1. Primera vez: Ángel Gertel era nuestro profesor de Psicología. Era de Rosario; tenía una sonrisa amplia y un coraje de locos. Un día dijo: “Y si la universidad cierra el profesorado, yo vengo de cualquier manera el martes a las dos de la tarde, como siempre, y damos clase en la calle”. Dos veces lo chuparon. La primera vez, los estudiantes, liderados por Chela Menghi y Susana Paradot, salimos a la calle a buscarlo y lo encontramos. Él contó, después, tomando mate en casa, que un policía abrió una mirilla y le dijo: “Así que vos sos el profesor”. Y decía que él supo que nosotros lo buscábamos, y cómo la sensación de soledad se le fue con esa frase. La segunda vez, la definitiva, ya no era nuestro profesor y no lo supimos hasta mucho después. Una placa lo recuerda en el octógono de la FHUC.
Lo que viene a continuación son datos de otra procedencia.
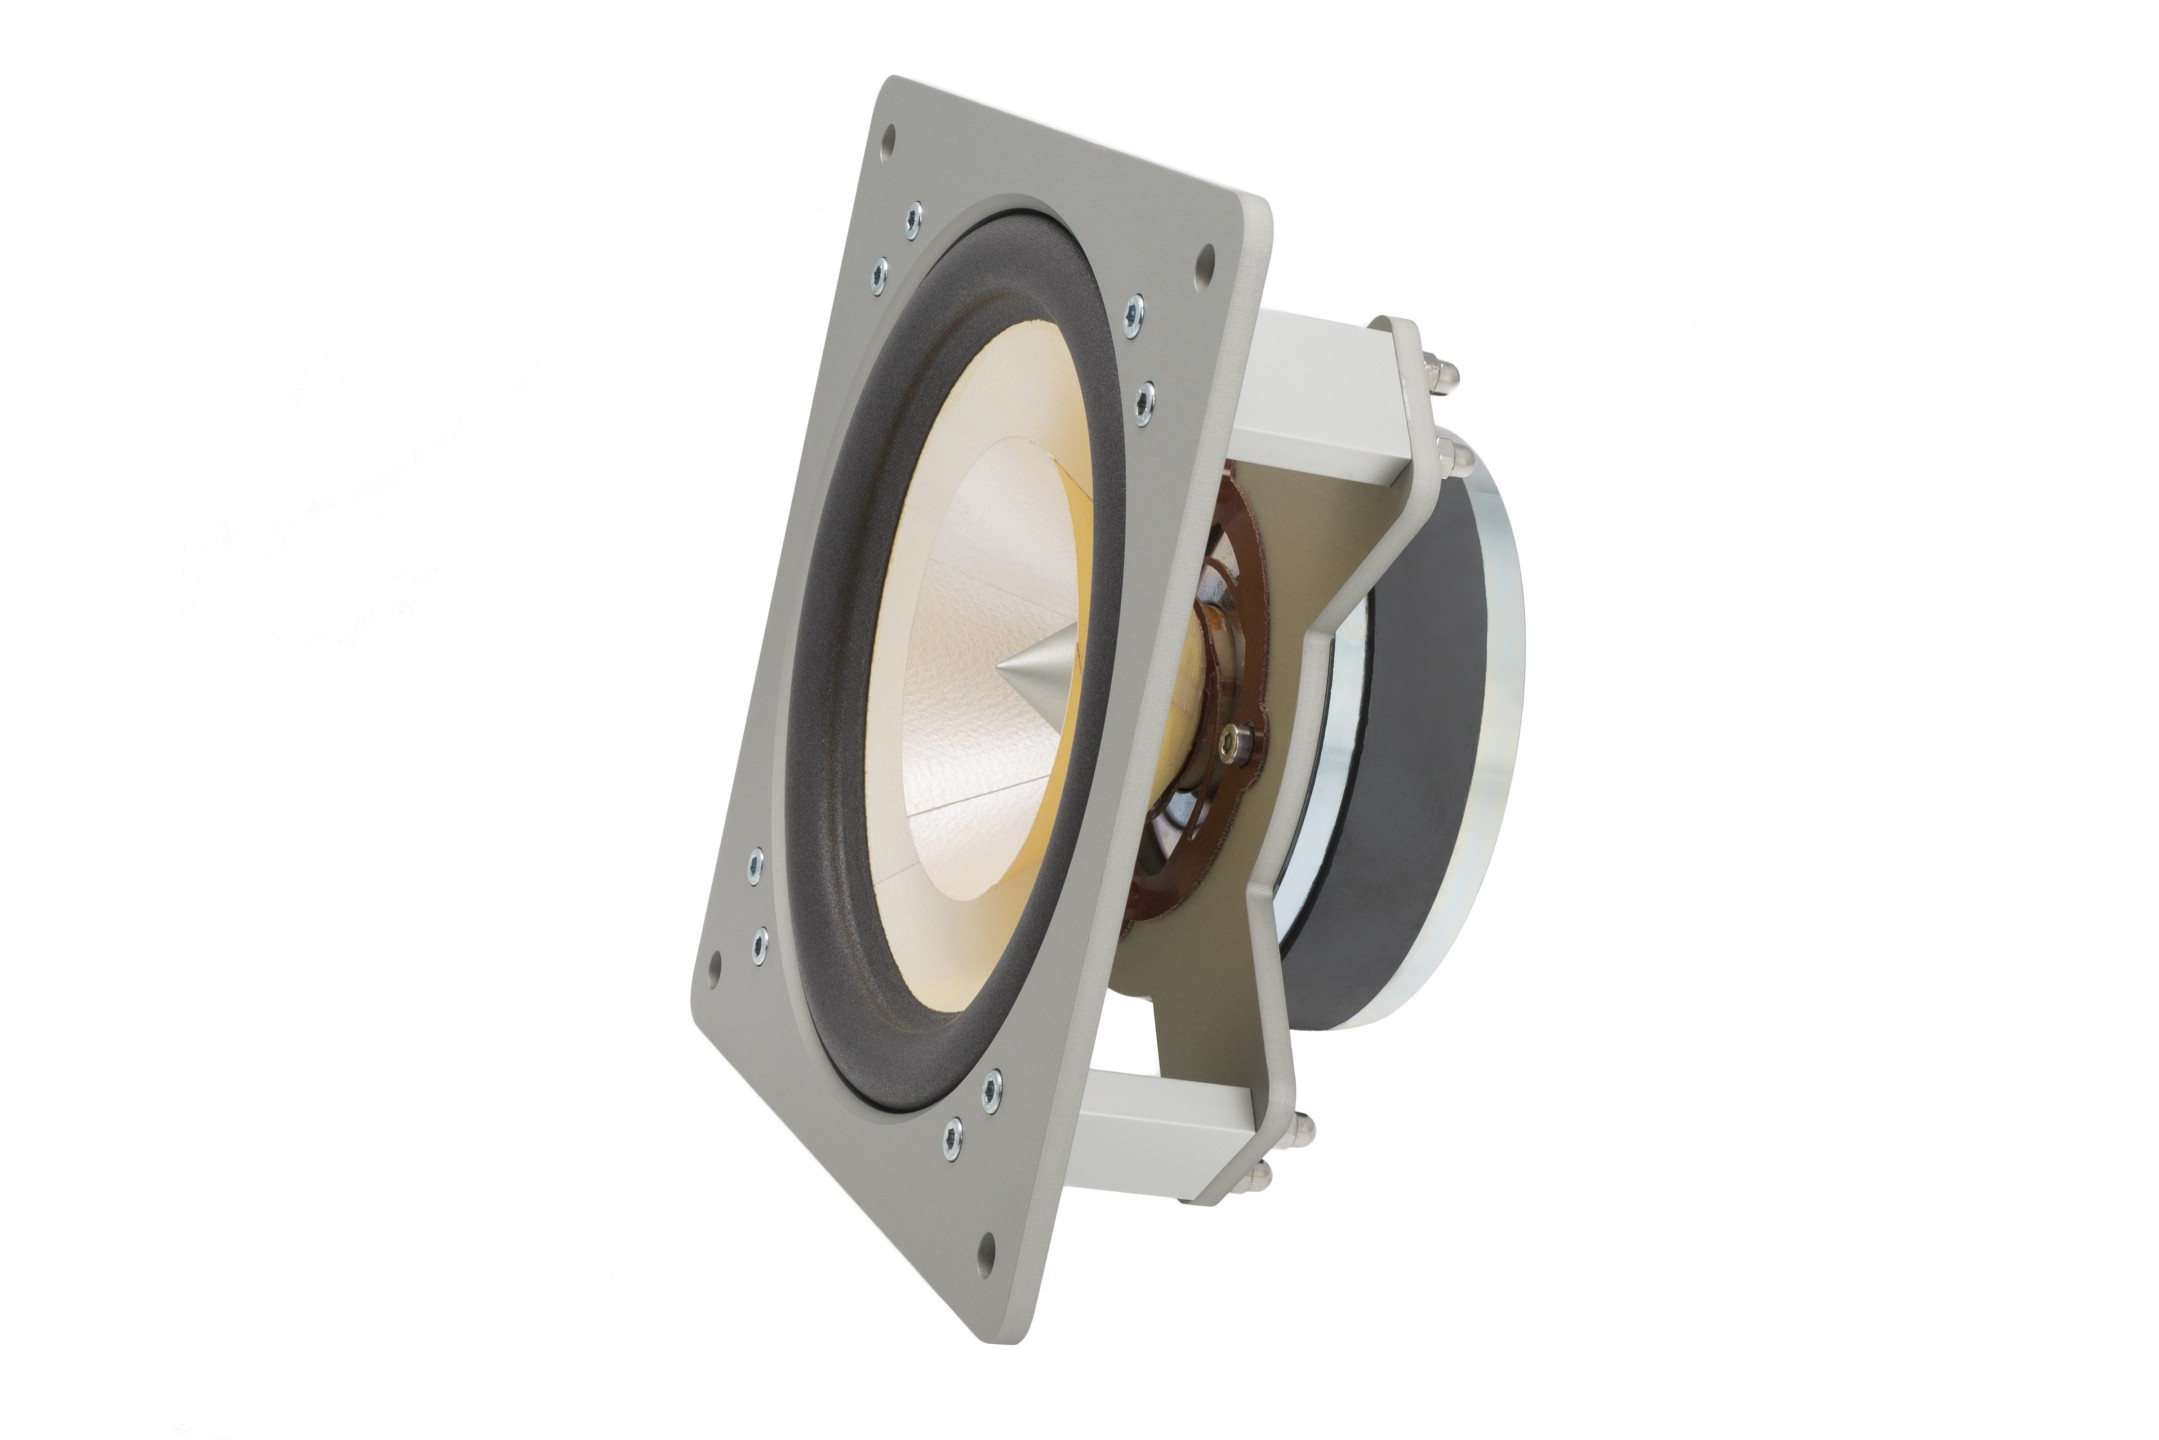 Cube Audio Horns & Fullrange Drivers-1t3a9688a-jpg

2. Íbamos caminando por San Martín, yo y una amiga. Ella tenía su bebé en brazos; Laura iba pegadita a mí. Siete de la tarde, invierno. Entramos a la galería San Martín y yo miro y ella no estaba al lado. Siguió caminando sola hasta Mendoza, pero yo no sabía. Recuerdo lo que sentí: el aniquilamiento. Primero gritaba su nombre, mientras corría entre la gente que pululaba a esa hora. Después me derrumbé, se  me vació la cabeza y me caí hecha un bollo. Ella tenía un año y medio y mi amiga me dejó ahí tirada y fue y la encontró paradita en calle Mendoza. Literal: me volvió el alma al cuerpo.

“Alma, dice Quevedo, a quien todo un dios prisión ha sido”. Le llama dios al cuerpo.

Siempre me pregunté por qué no fui una madre coraje y salí a buscarla. Pero el cuerpo tiene sus razones, sus desazones, sus propios afectos. El cuerpo piensa por su cuenta. Con esto de Santiago Maldonado, yo no sé qué ni cómo pero es como que si se retiraran los huesos, como si se abrieran hoyos y pozos sin fondo por todos lados, y unos insectos se metieran en los oídos y un temblor.

Nada va a volver a ser lo que era. Lo que costó tanto tiempo y tanta lágrima conseguir parece haber vuelto a partir para siempre. Los libros, el lápiz de labios, los cafés, los vinos. La frivolidad es deseable, por insignificante, porque todo tiene demasiado sentido. Sobra sentido.

Y una vez que te han tajeado todo el cuerpo, no hay vuelta atrás.

Sin embargo, algo, tenue, parece que quiere reconstituirse. Ellos no contaron con eso. Nunca lo hacen, porque lo único que saben contar es la guita. Me refiero a la continuidad de los cuerpos: de las voces. Que son manos. Que se aprietan, que se encadenan, que prolongan a cada uno en el otro. En un coro interminable que reclama por el joven de rostro de ángel, el solidario, el amigo, y que no va a parar hasta que lo digan, hasta que se rindan y se arrodillen –porque ahora mismo están tirando un par de gendarmes por la ventana– y cuenten dónde está Santiago.